*** Block opens ***

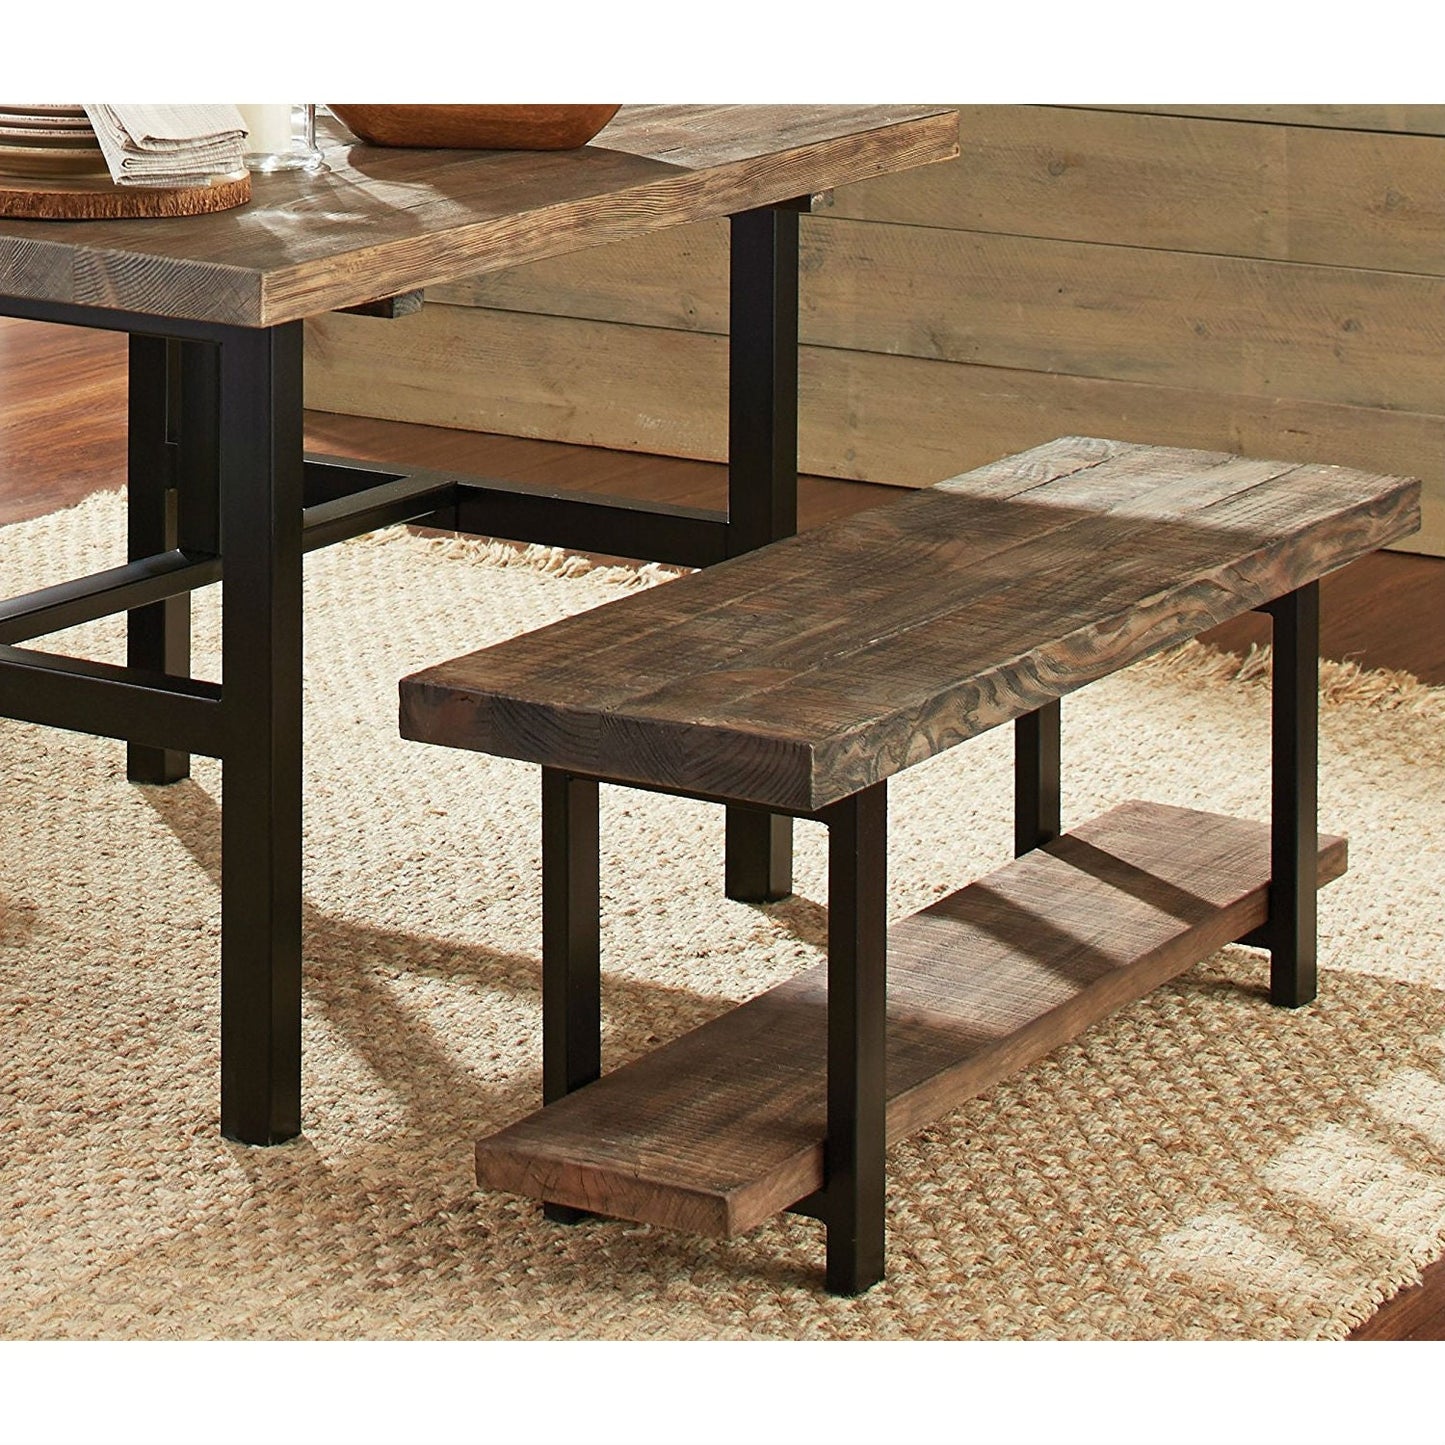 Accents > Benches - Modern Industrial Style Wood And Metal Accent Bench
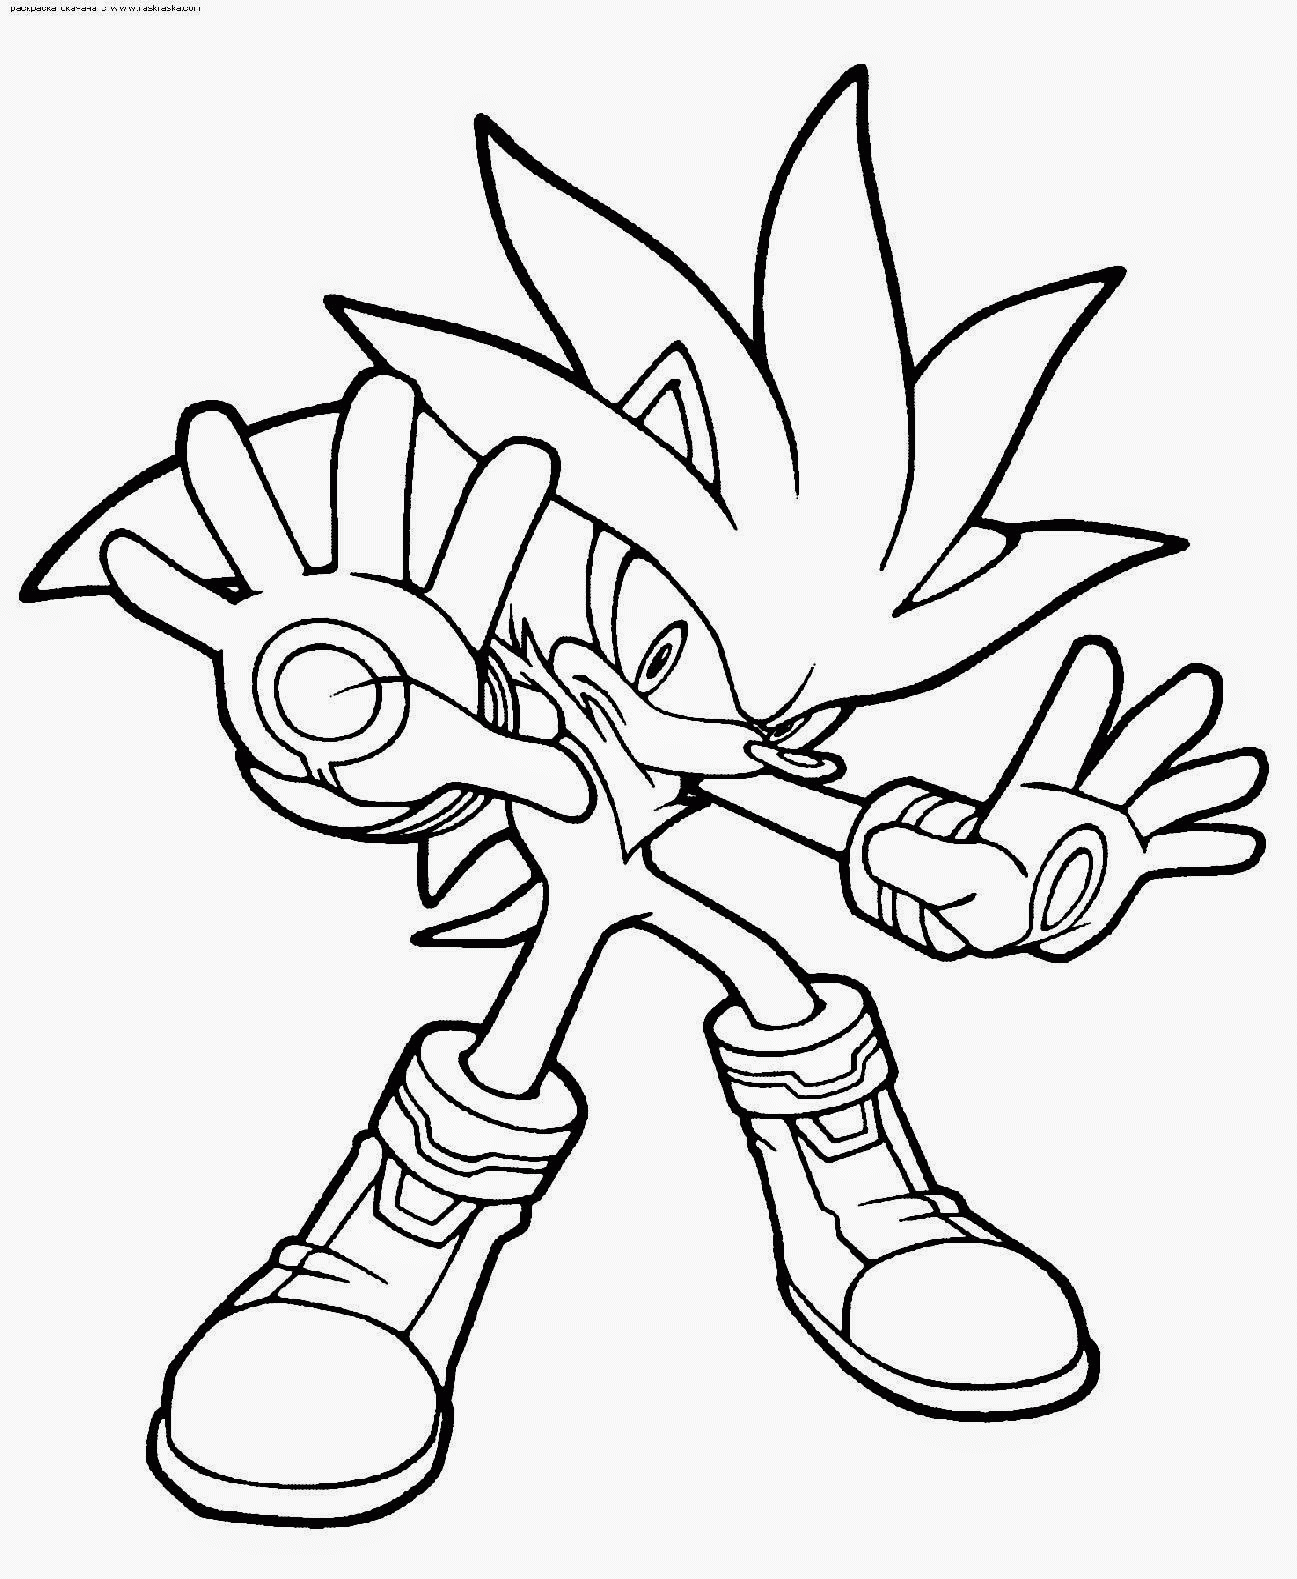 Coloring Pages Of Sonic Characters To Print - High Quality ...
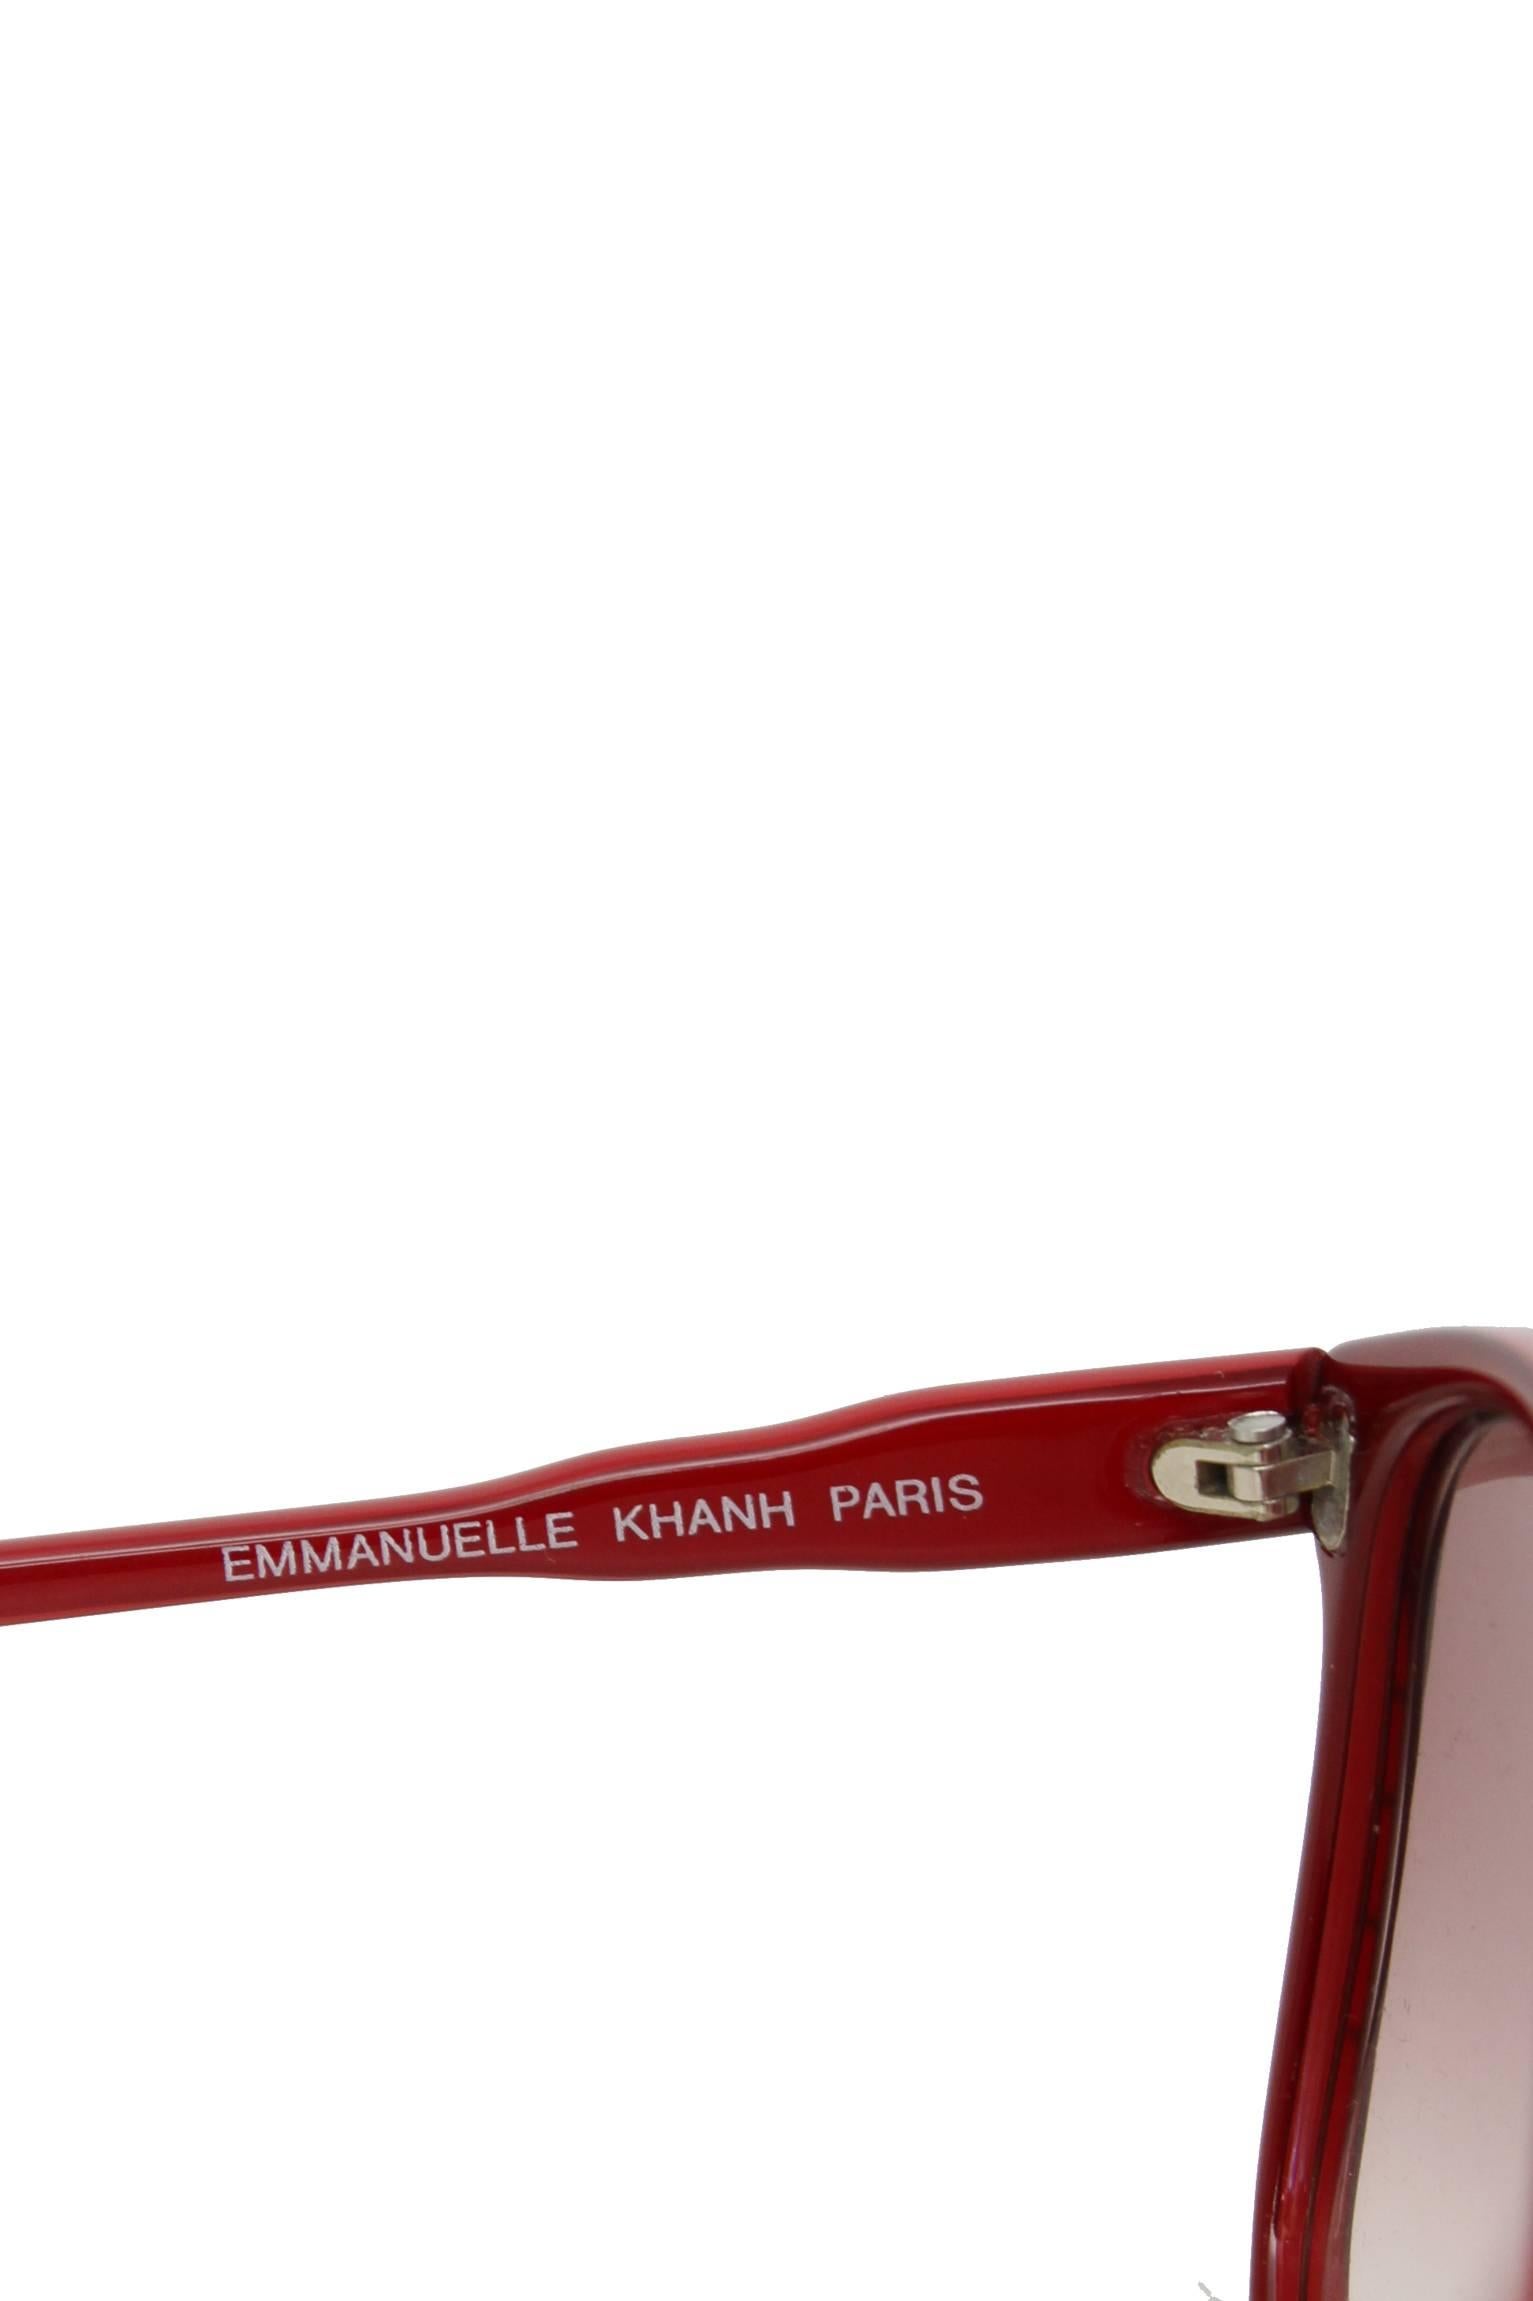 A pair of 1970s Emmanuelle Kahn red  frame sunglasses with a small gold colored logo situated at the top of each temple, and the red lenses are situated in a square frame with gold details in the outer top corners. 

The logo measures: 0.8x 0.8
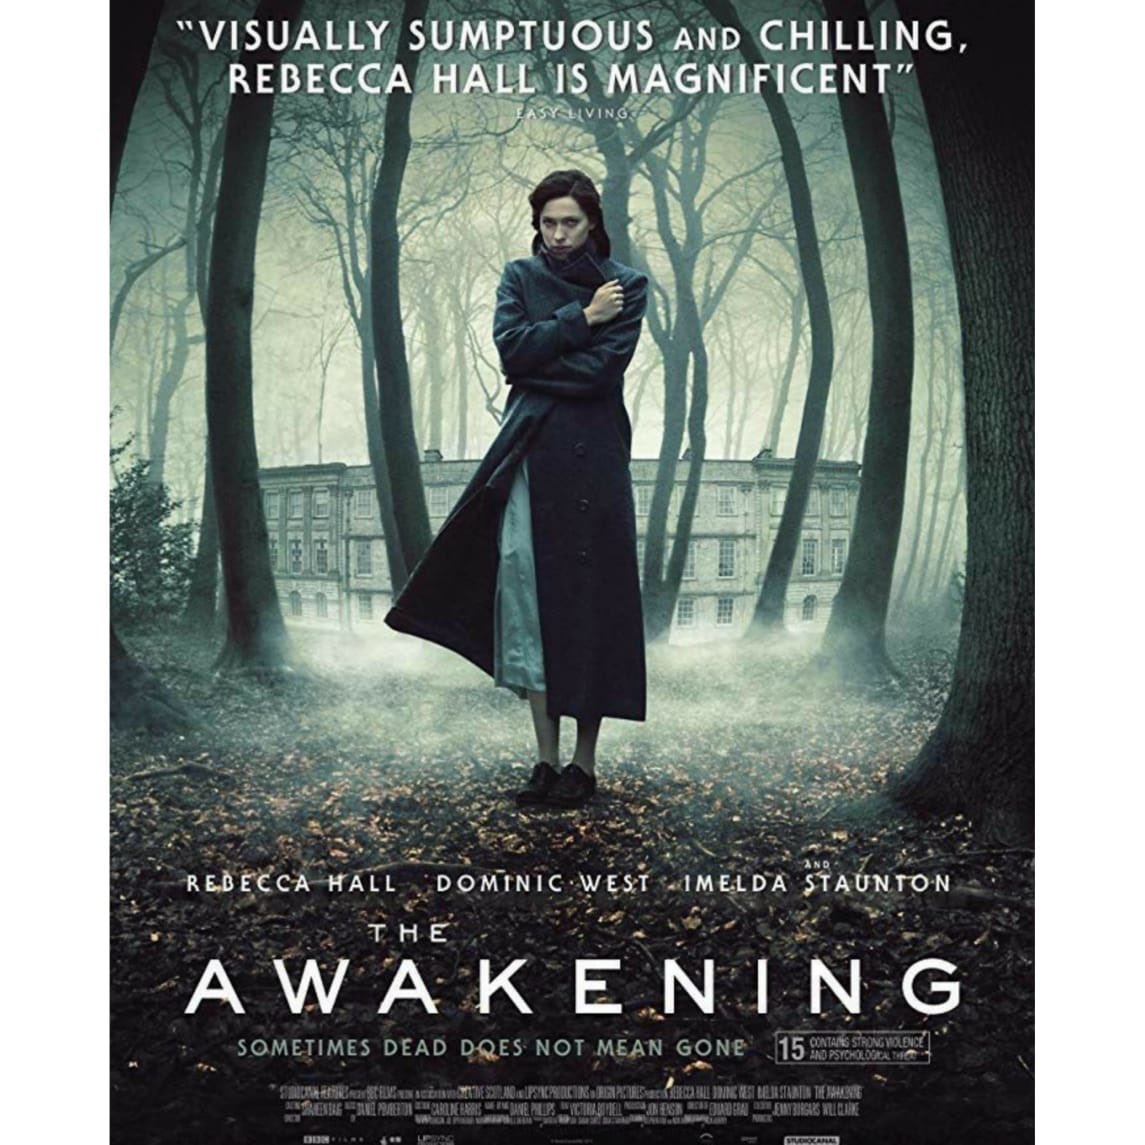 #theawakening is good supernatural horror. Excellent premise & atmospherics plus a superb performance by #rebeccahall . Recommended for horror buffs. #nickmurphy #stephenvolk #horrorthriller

*** Block closes ***

Exercise brief – From the first line to the last, restate the entries exactly, without pictures.

Finished exercise –
 Accents > Benches - Modern Industrial Style Wood And Metal Accent Bench
 Coloring Pages Of Sonic Characters To Print - High Quality ...
 A pair of 1970s Emmanuelle Kahn red  frame sunglasses with a small gold colored logo situated at the top of each temple, and the red lenses are situated in a square frame with gold details in the outer top corners. 

The logo measures: 0.8x 0.8
 #theawakening is good supernatural horror. Excellent premise & atmospherics plus a superb performance by #rebeccahall . Recommended for horror buffs. #nickmurphy #stephenvolk #horrorthriller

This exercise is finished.